Become a data engineer through advanced Python learning
Start Learning for Free

What Is git prune?

The git prune command is used to remove objects that are no longer needed in the local repository. These objects could be commits, trees (directory snapshots), blobs (files), and tags that are no longer accessible from any branch or tag in the repository.

Simply put, git prune helps clean up unnecessary files and data in the repository, saving space and reducing clutter.

How can objects become unreachable?

Objects can become unreachable in several ways—for instance, by deleting branches or rewriting commits. When branches are deleted, any commits unique to those branches that aren't part of any other branch or tag, become unreachable.

Commit rewriting, using commands like git rebase, generates new commits and discards the old ones, leading them to become unreachable as well.

Grace period and reflogs

Git maintains a log of updates to branch tips and other references called reflogs (reference logs). We can view it using the git reflog command.

Even if an object is unreachable, if it is still in the reflog, then it won’t be deleted by git prune.

By default, the reflog has an expiration date of 90 days, providing a grace period during which unreachable objects are temporarily stored and not immediately pruned.

When to Use git prune

Generally, we don’t need to use git prune directly. Git has a garbage collection mechanism that runs automatically after some commands to clean up unnecessary files and optimize the local repository’s efficiency by compressing some files.

Nevertheless, we may want to clean our repository manually, for example:

  • After we perform an operation that we know will create unreachable objects, such as a branch deletion. 
  • We want to clean disk space immediately.
  • Keeping the repository tidy and clean at all times.

Garbage collection with git gc

Instead of direct pruning, it is usually recommended to rely on the garbage collection mechanism, which not only performs a git prune but also optimizes space by compressing objects.

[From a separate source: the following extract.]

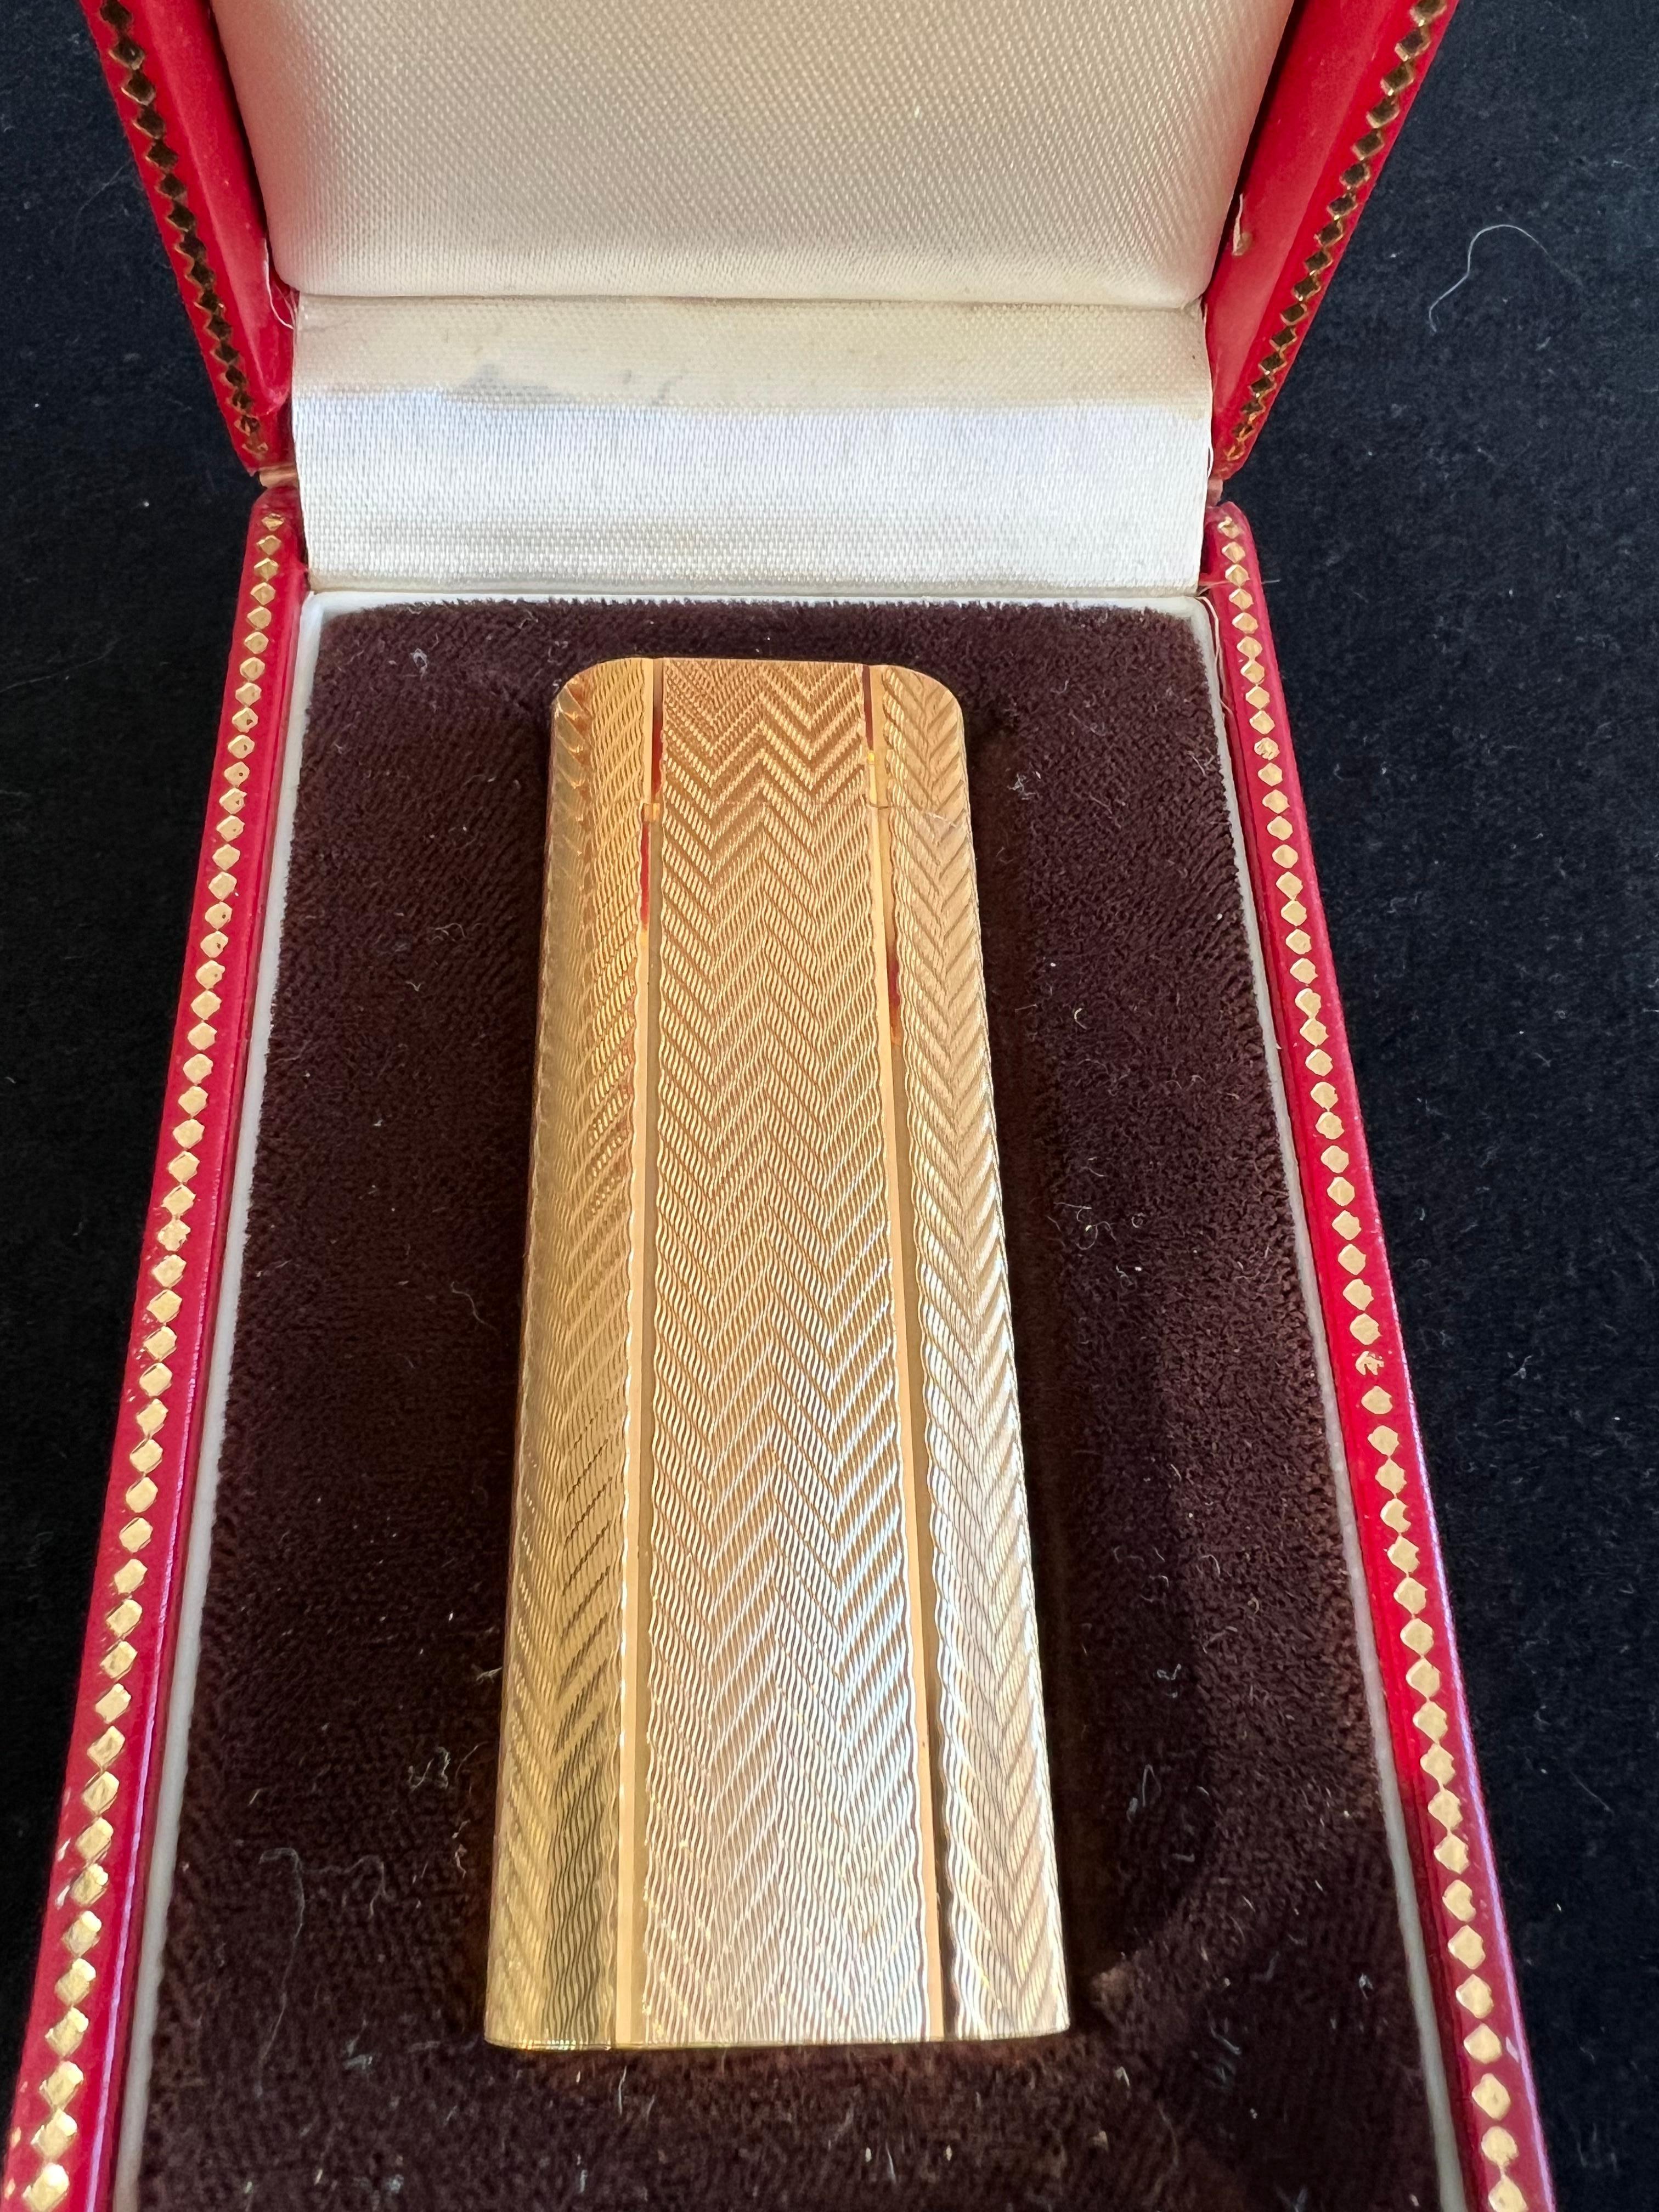 Les Must de Cartier Paris 18k Gold Plated Lighter 5

As mentioned above, garbage collection will be executed automatically after some commands. We can invoke the garbage collection manually with the command:

git gc

How to Use git prune

Because git prune will delete data, it’s recommended to execute it using the --dry-run option first.

git prune --dry-run

This option will list the objects that would be pruned without actually pruning them. The output would look something like:

0d7dff8258654c03a058987b3e63c86feca9200d commit
ea1380f52f0bfa0142e46767adfd56593681091a blob
fa91af78a1ab453c1d7632192b3ca8bf217ec711 commit

The output indicates that there are two commits and blob that are unreachable and would be deleted. After making sure that no important data is listed, we can proceed with the cleanup:

git prune

In some situations, we want to clean the repository just after we perform an action that we know will lead to unreachable objects, such as a branch deletion. We may run git prune --dry-run, but the output comes out empty. The reason for this is that the deleted commits are still referenced in the reflog.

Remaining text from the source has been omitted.